Ver. 337. But most by numbers judge, &c.] The last sort are those, from ver. 336 to 384, whose ears are attached only to the harmony of a poem. Of which they judge as ignorantly and as perversely as the other sort did of the eloquence, and for the same reason. Our author first describes that false harmony with which they are so much captivated; and shows that it is wretchedly flat and unvaried: for

Smooth or rough, with them, is right or wrong.

He then describes the true: 1. As it is in itself, constant; with a happy mixture of strength and sweetness, in contradiction to the roughness and flatness of false harmony: and 2. As it is varied in compliance to the subject, where the sound becomes an echo to the sense, so far as is consistent with the preservation of numbers, in contradiction to the monotony of false harmony. Of this he gives us, in the delivery of his precepts, four beautiful examples of smoothness, roughness, slowness, and rapidity. The first use of this correspondence of the sound to the sense, is to aid the fancy in acquiring a perfecter and more lively image of the thing represented. A second and nobler, is to calm and subdue the turbulent and selfish passions, and to raise and warm the beneficent, which he illustrates in the famous adventure of Timotheus and Alexander, where, in referring to Mr. Dryden's Ode on that subject, he turns it to a high compliment on his favourite poet.

Ver. 384. Avoid extremes, &c.] Our author is now come to the last cause of wrong judgment, partiality,—the parent of the immediately preceding cause, a bounded capacity, nothing so much narrowing and contracting the mind as prejudices entertained for or against things or persons. This, therefore, as the main root of all the foregoing, he prosecutes at large, from ver. 383 to 474. First, to ver. 394, he previously exposes that capricious turn of mind, which, by running into extremes, either of praise or dispraise, lays the foundation of an habitual partiality. He cautions, therefore, both against one and the other; and with reason; for excess of praise is the mark of a bad taste; and excess of censure, of a bad digestion.
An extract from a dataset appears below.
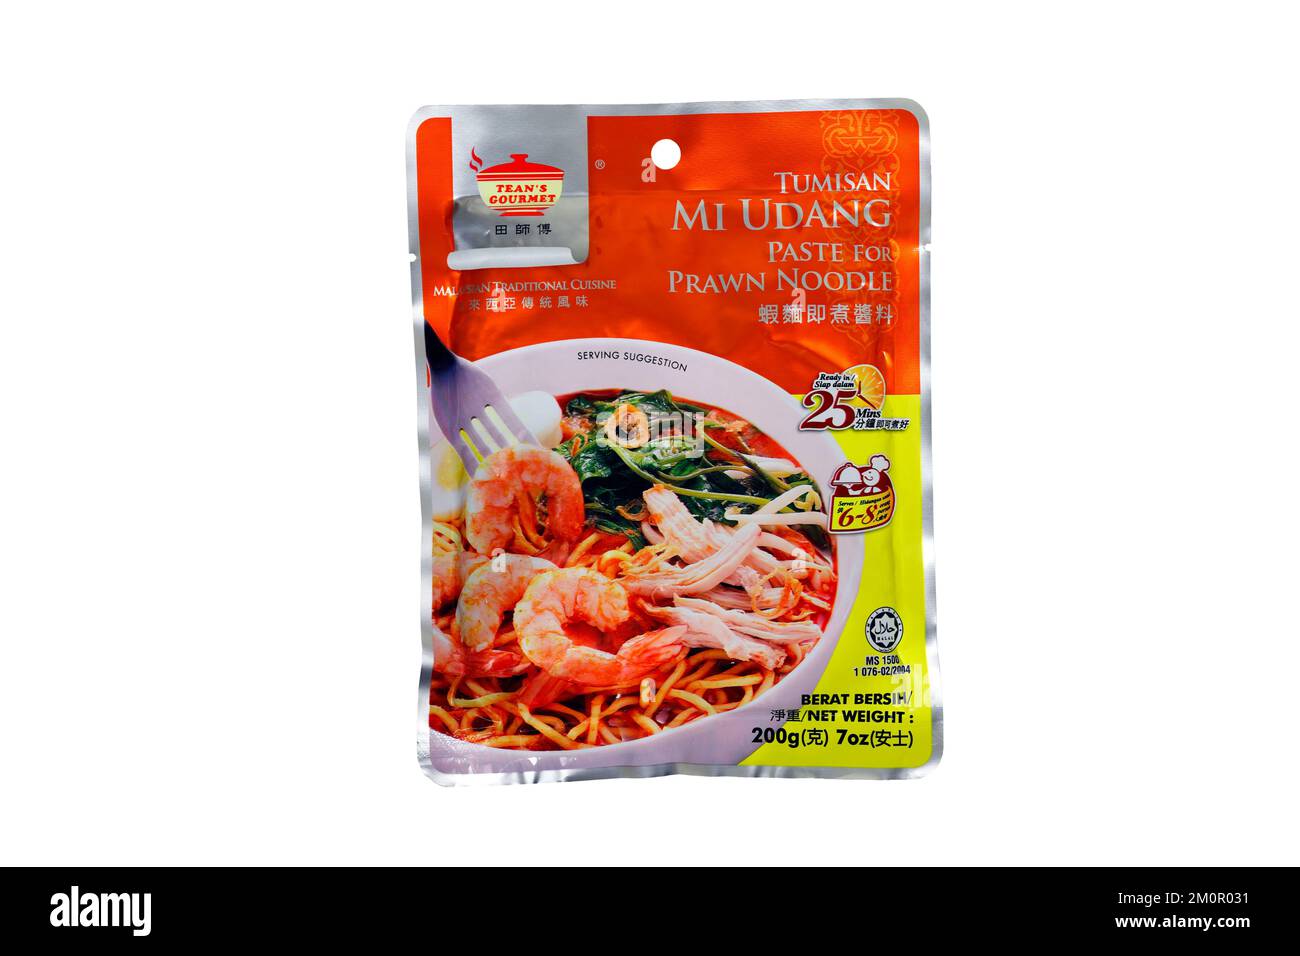 A packet of Tean's Gourmet Tumisan Mi Udang prawn noodle paste isolated on a white background. cutout image for illustration and editorial use. Stock Photo

Ver. 394. Some foreign writers, &c.] Having explained the disposition of mind which produces an habitual partiality, he proceeds to expose this partiality in all the shapes in which it appears both amongst the unlearned and the learned.

I. In the unlearned it is seen, first, in an unreasonable fondness for, or aversion to, our own or foreign, to ancient or modern writers. And as it is the mob of unlearned readers he is here speaking of, he exposes their folly in a very apposite similitude:

Thus wit, like faith, by each man is applied
To one small sect, and all are damned beside.

But he shows, from ver. 396 to 408, that these critics have as wrong notions of reason as those bigots have of God; for that genius is not confined to times or climates; but, as the common gift of nature, is extended throughout all ages and countries; that indeed this intellectual light, like the material light of the sun, may not shine at all times, and in every place with equal splendour, but be sometimes clouded with popular ignorance, and sometimes again eclipsed by the discountenance of the great; yet it shall still recover itself, and, by breaking through the strongest of these impediments, manifest the eternity of its nature.

Ver. 408. Some ne'er advance a judgment of their own,] A second instance of unlearned partiality is (as he shows from ver. 407 to 424) men's going always along with the cry, as having no fixed nor well-grounded principles whereon to raise any judgment of their own. A third is reverence for names, of which sort, as he well observes, the worst and vilest are the idolizers of names of quality; whom therefore he stigmatises as they deserve. Our author's temper as well as his judgment is here seen, in throwing this species of partiality amongst the unlearned critics. His affection for letters would not suffer him to conceive, that any learned critic could ever fall into so low a prostitution.